--- Records provided Enclosed Below ---
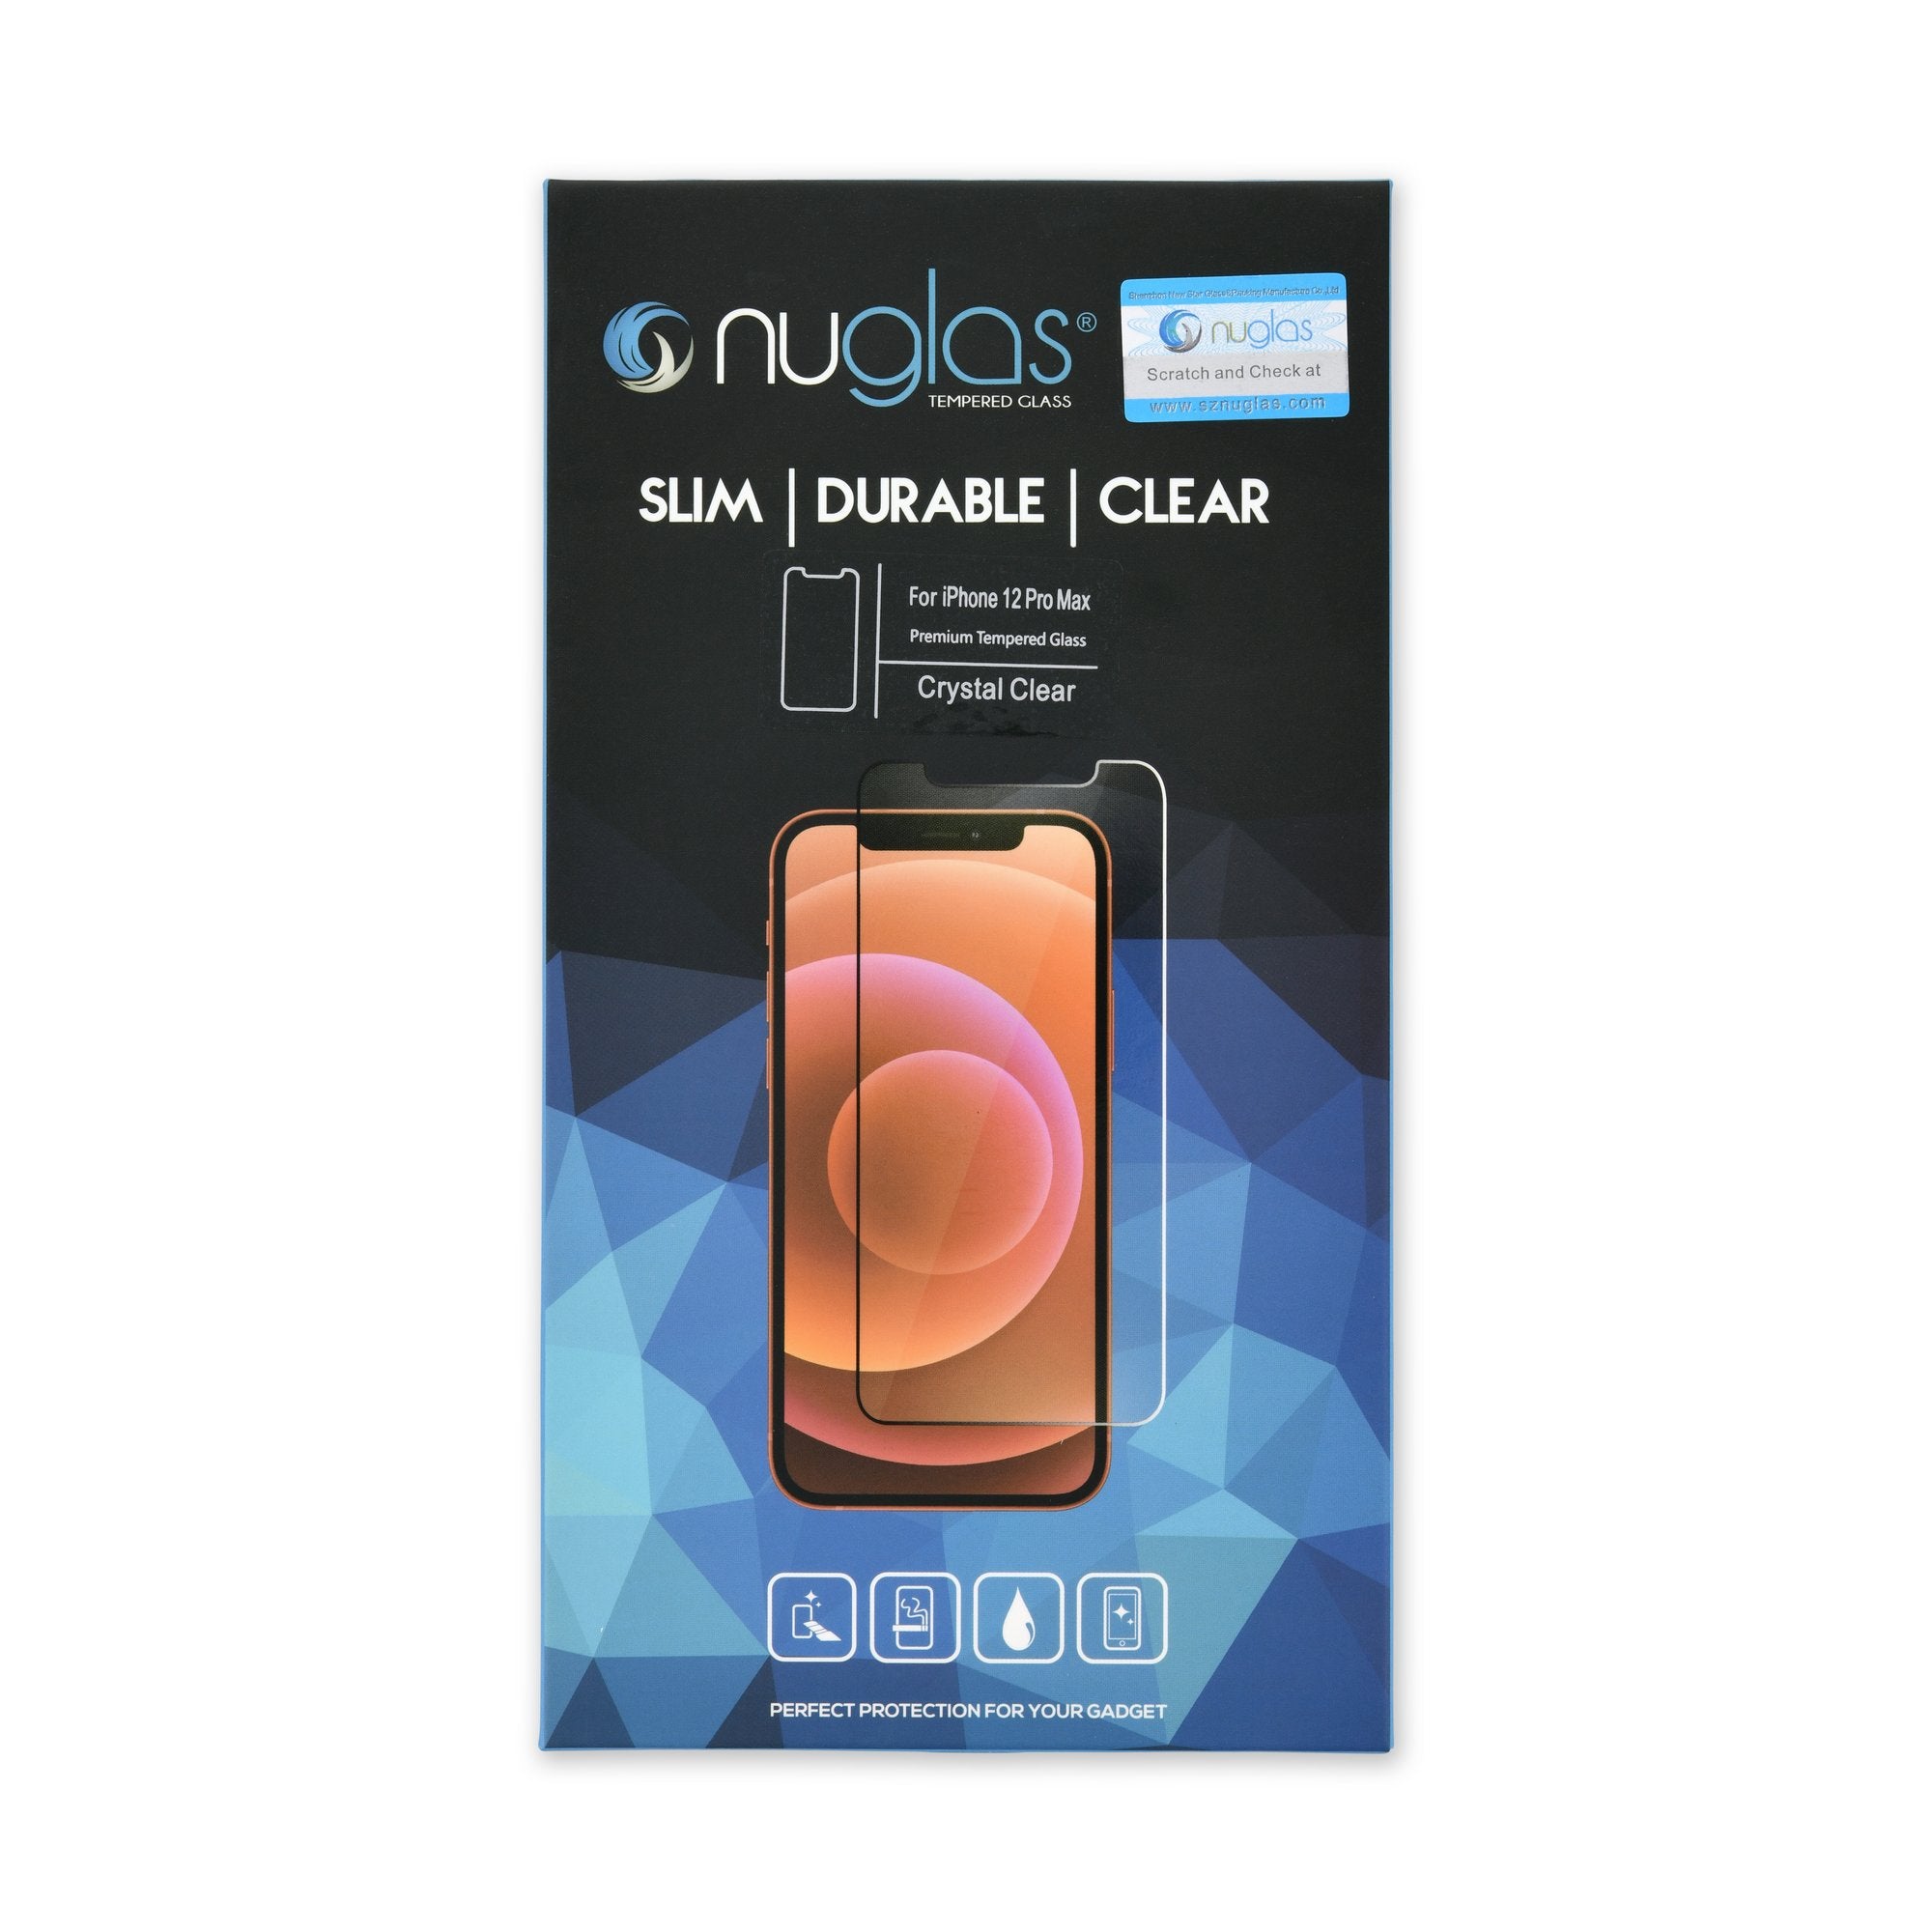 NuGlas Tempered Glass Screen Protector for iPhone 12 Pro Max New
--- End of Enclosed Records provided ---
--- Records provided Enclosed Below ---
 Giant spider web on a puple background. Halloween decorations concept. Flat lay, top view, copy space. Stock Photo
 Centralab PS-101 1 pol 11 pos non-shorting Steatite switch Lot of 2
--- End of Enclosed Records provided ---
--- Records provided Enclosed Below ---
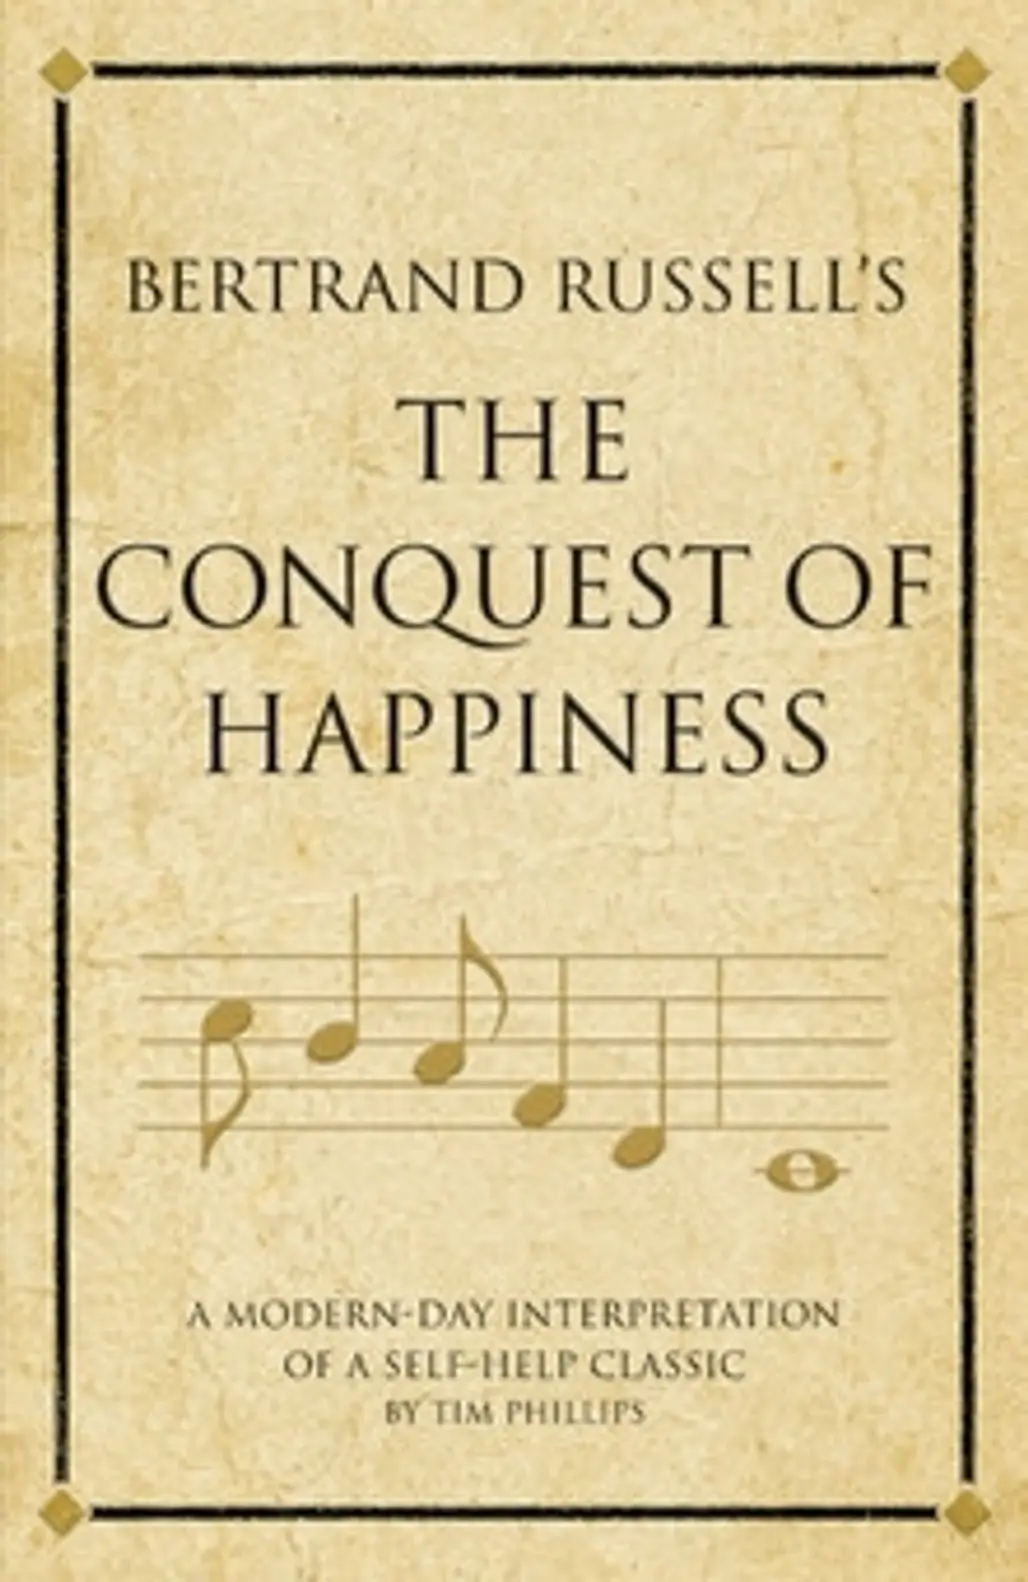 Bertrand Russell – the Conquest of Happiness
--- End of Enclosed Records provided ---
Scan the lines above for "Giant spider web" and for "Centralab PS-101 1". Repeat exactly the line holding each of them and every line in between.

**Solution to this problem**
 Giant spider web on a puple background. Halloween decorations concept. Flat lay, top view, copy space. Stock Photo
 Centralab PS-101 1 pol 11 pos non-shorting Steatite switch Lot of 2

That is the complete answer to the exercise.